§ How to complete this task: Reproduce the entire listing exactly. Leave the pictures out.

§ Exercise data:

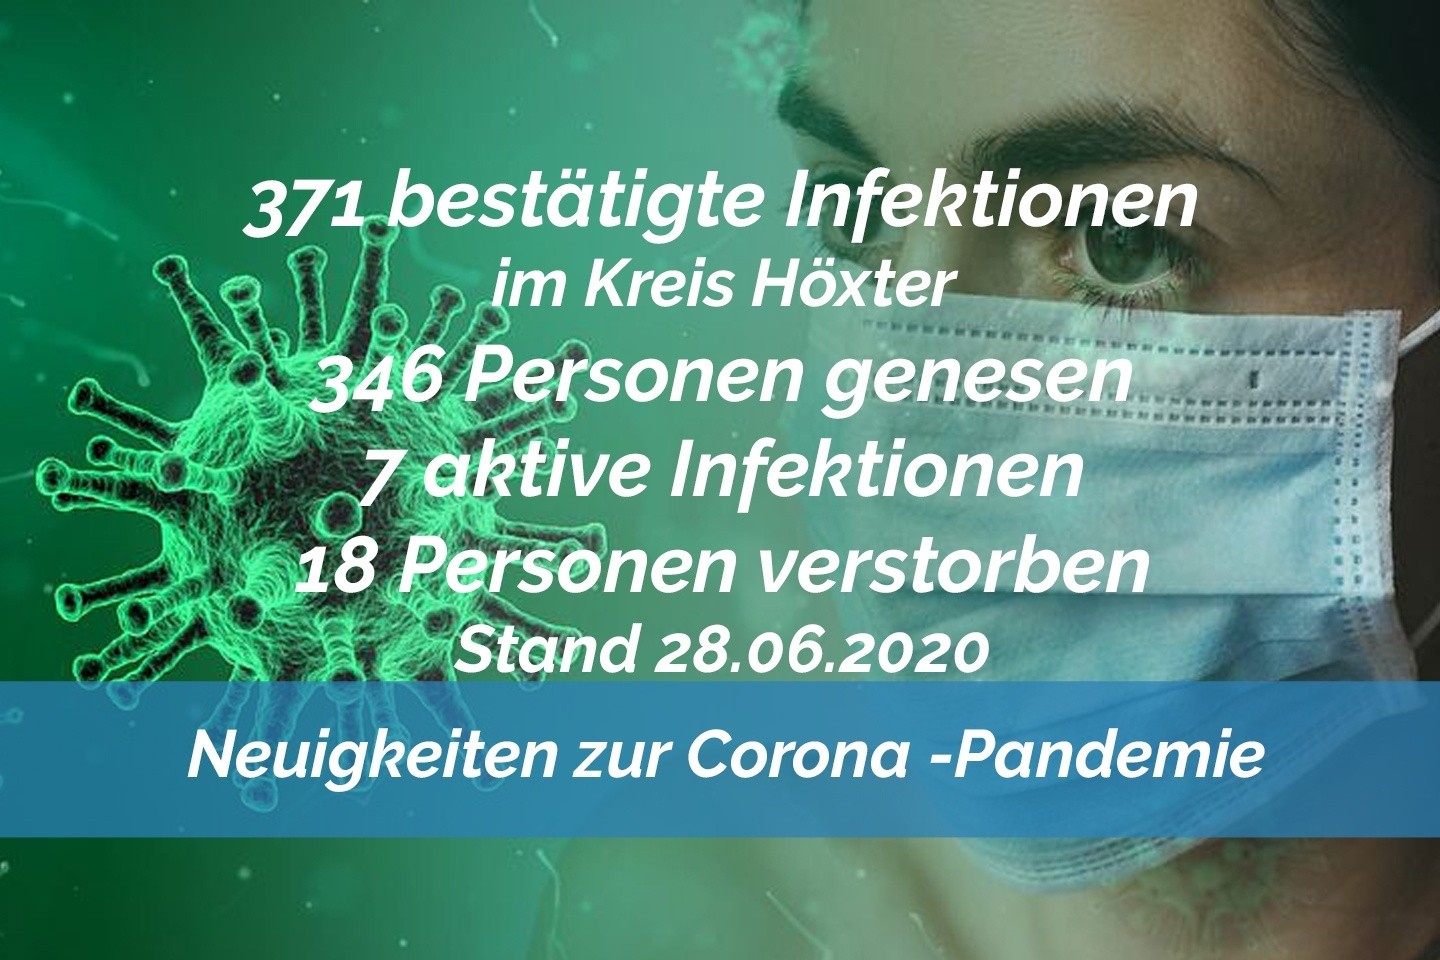 Update vom 28. Juni: 371 bestätigte Infektionen mit dem neuen Coronavirus im Kreis Höxter
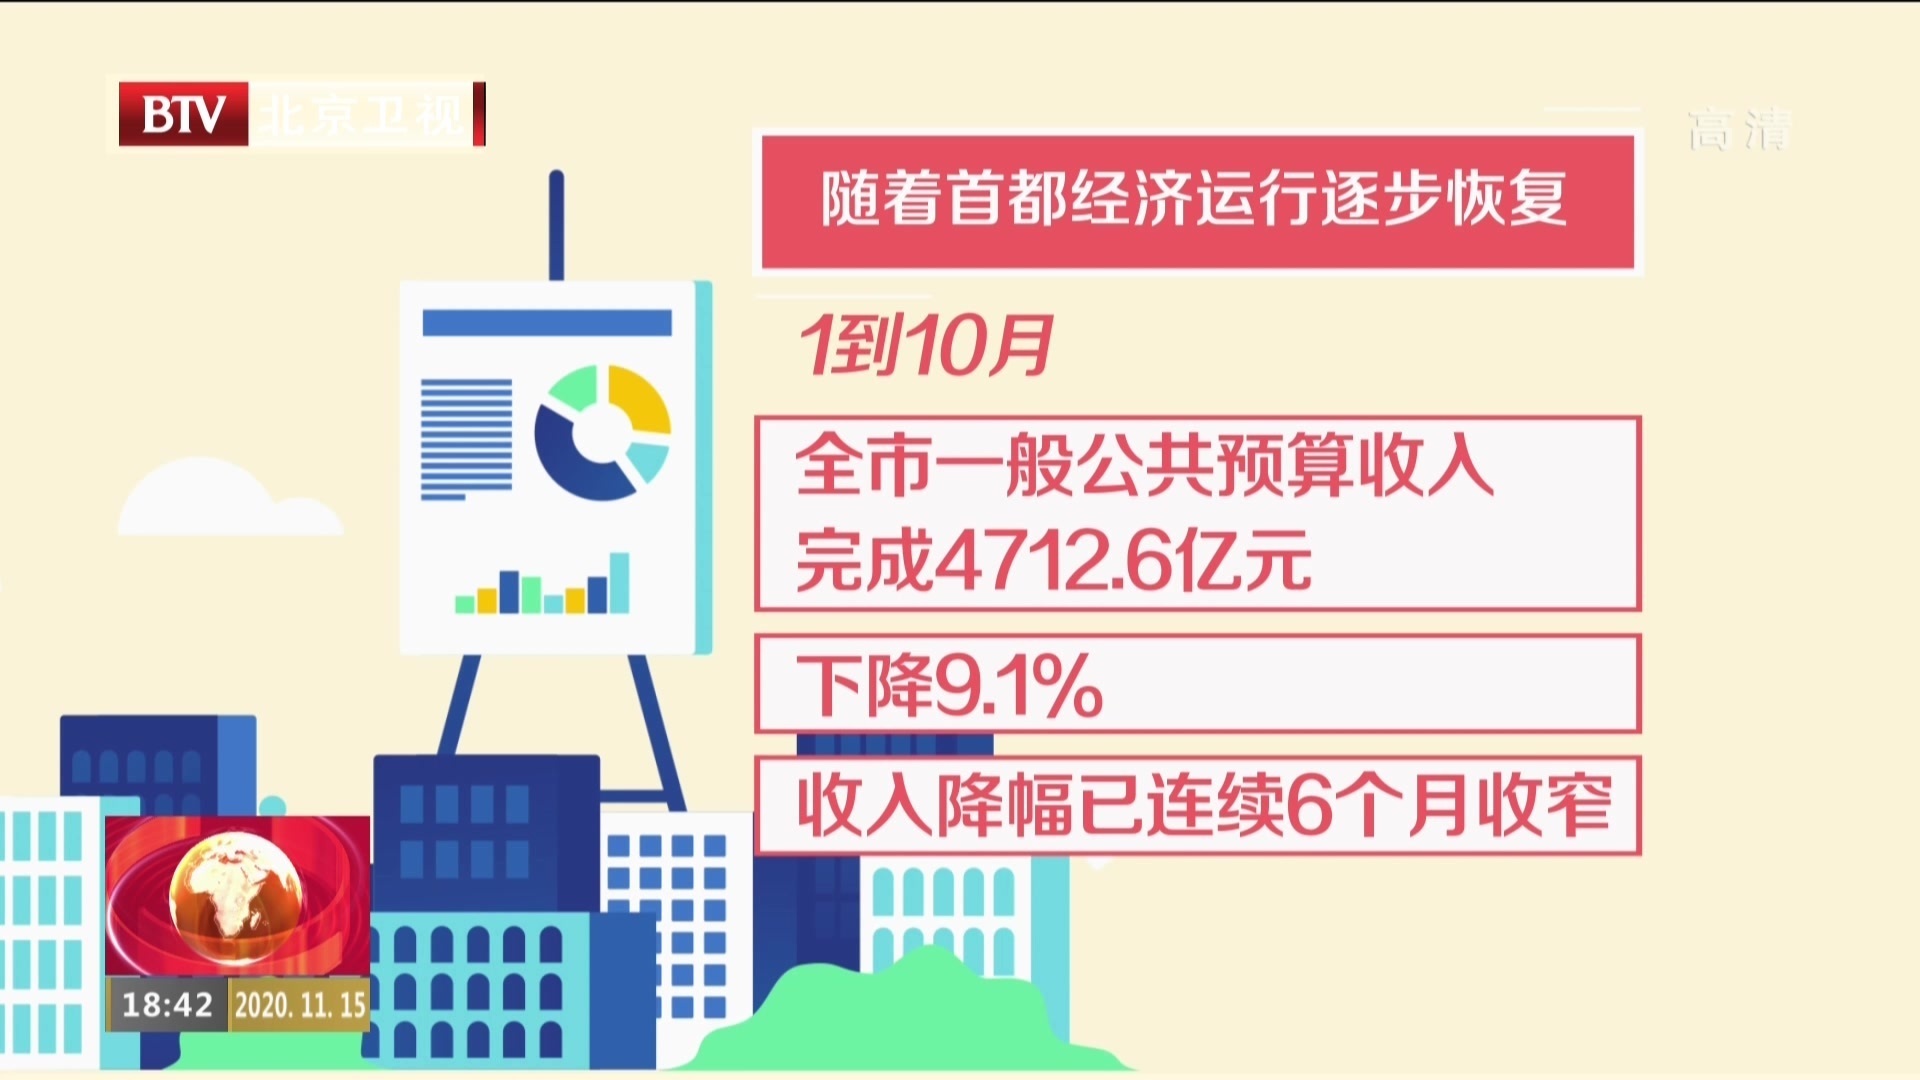 三大主体税种连续3个月正增长  北京财政收入降幅持续收窄
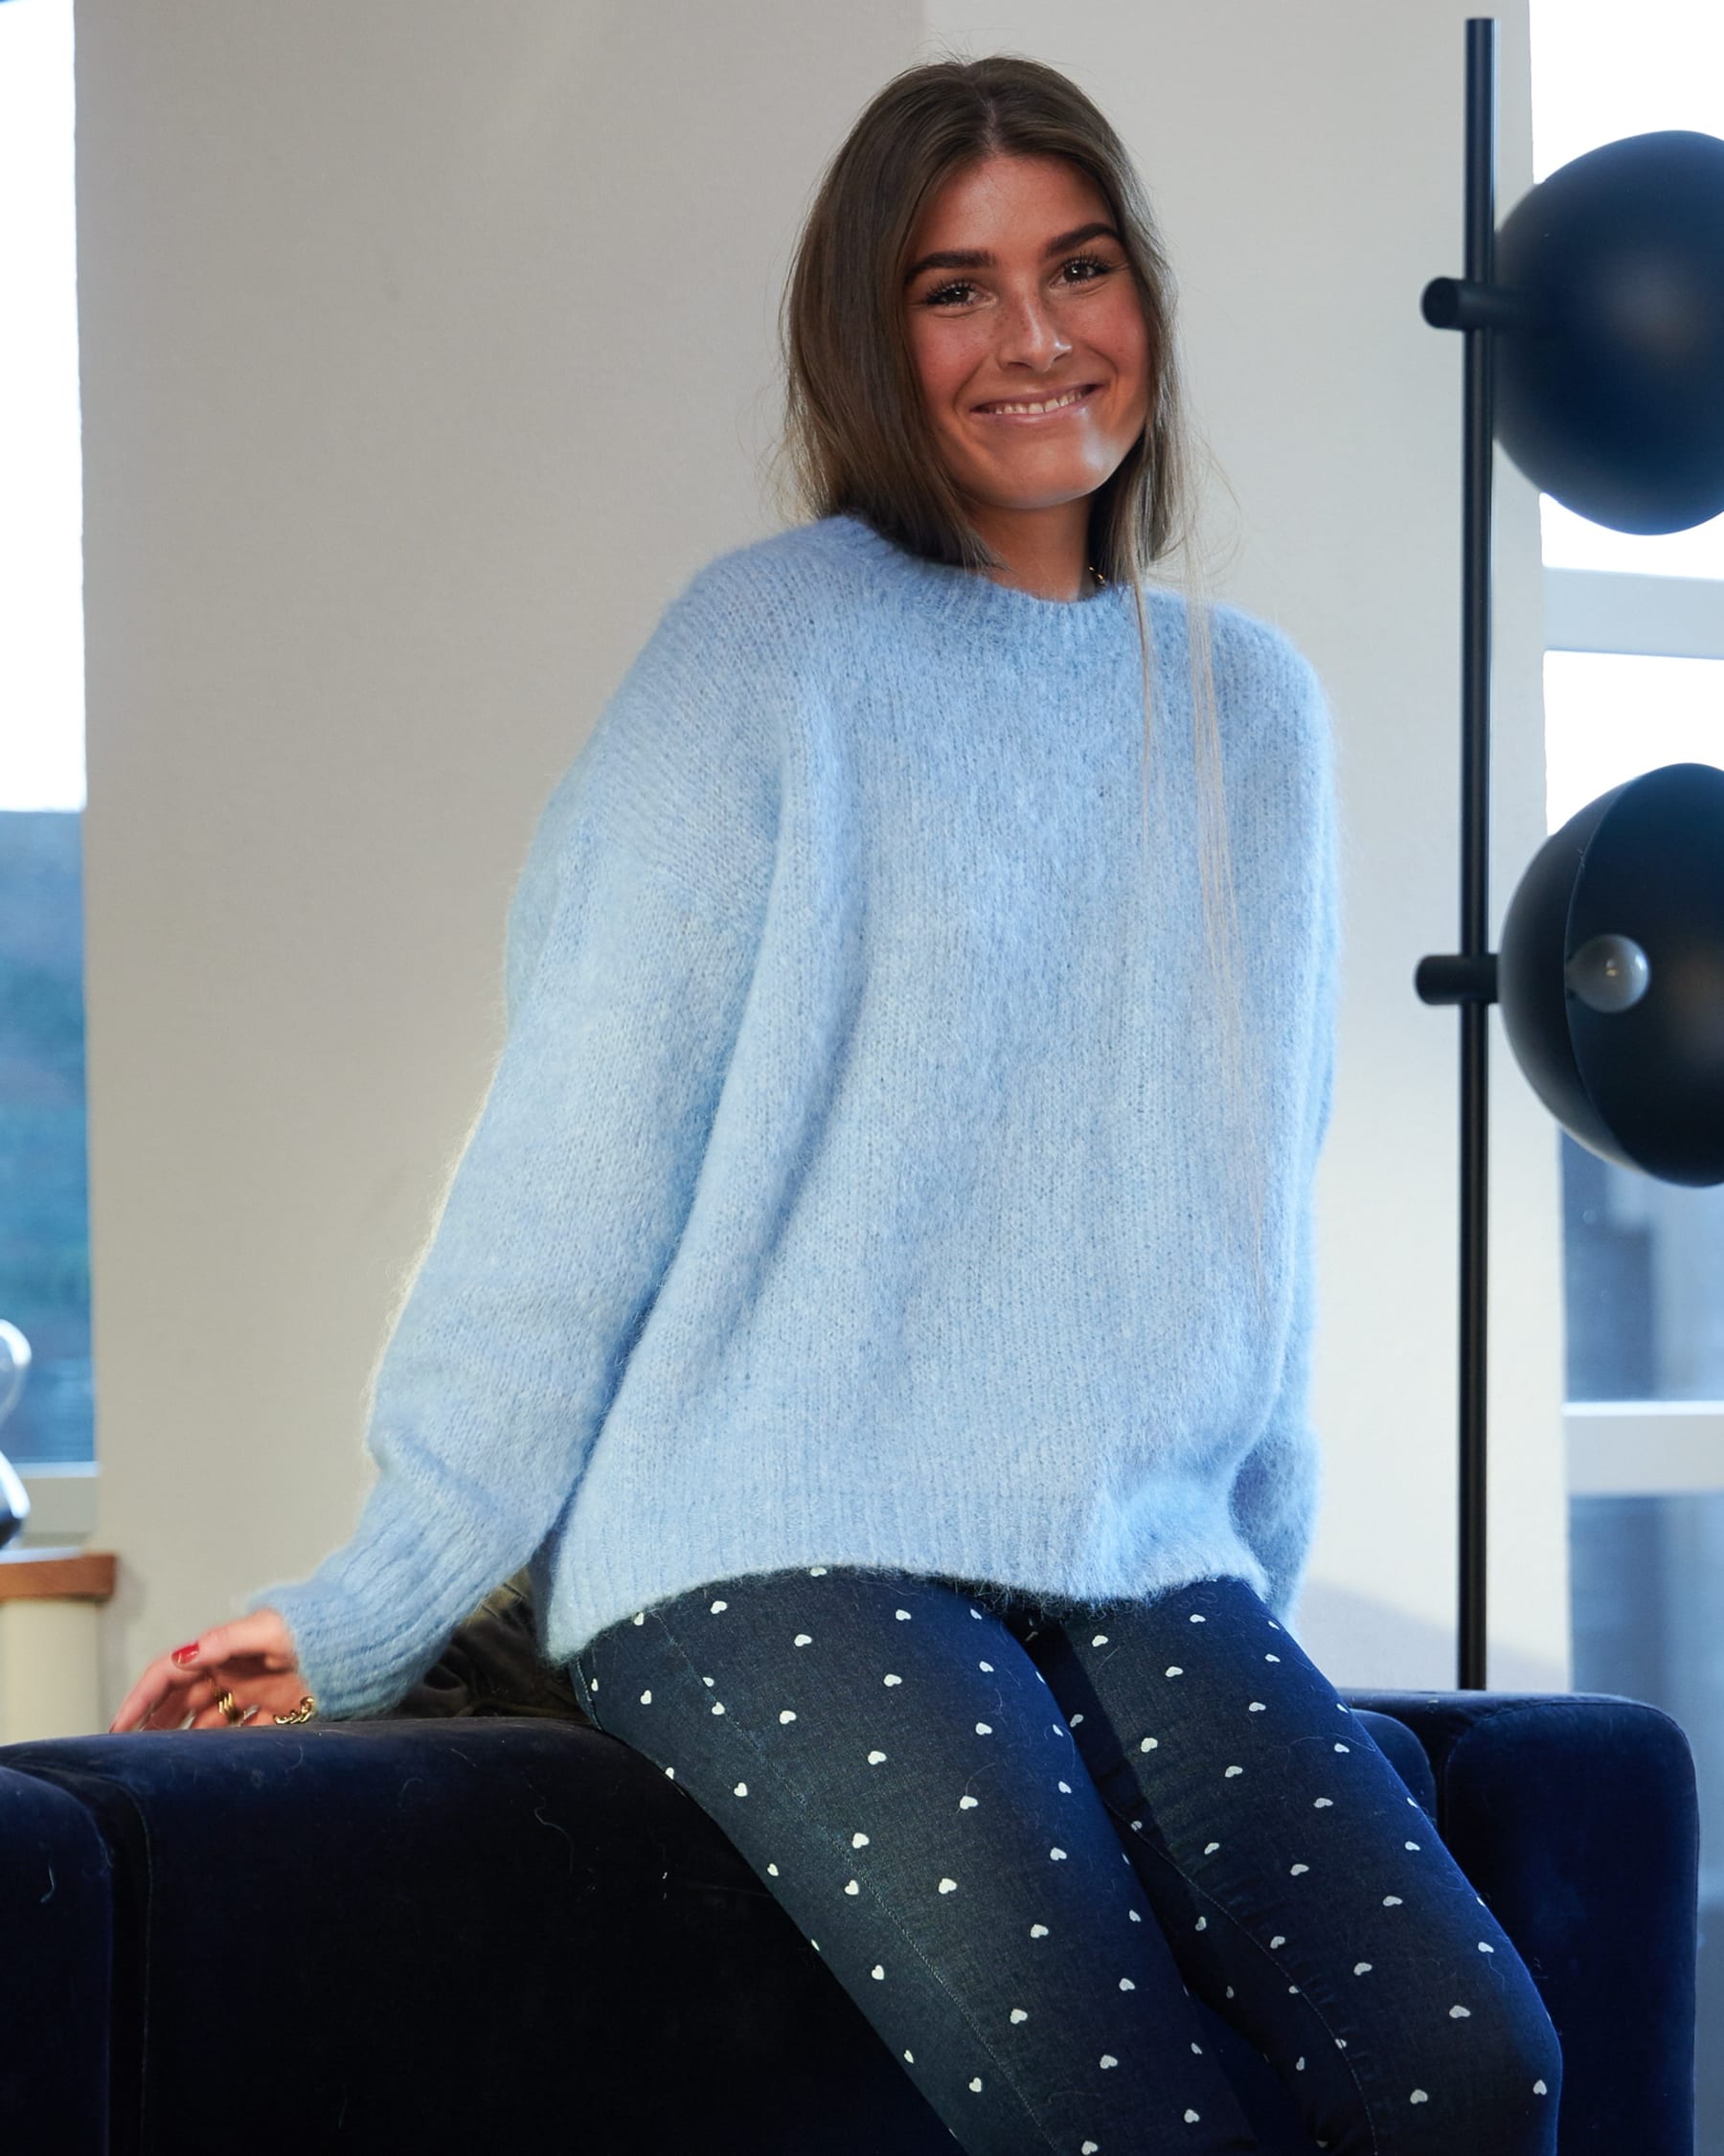 Noella Belinda Sweater Knits Blue

§ Solution to this exercise:
 Update vom 28. Juni: 371 bestätigte Infektionen mit dem neuen Coronavirus im Kreis Höxter
 三大主体税种连续3个月正增长  北京财政收入降幅持续收窄
 Noella Belinda Sweater Knits Blue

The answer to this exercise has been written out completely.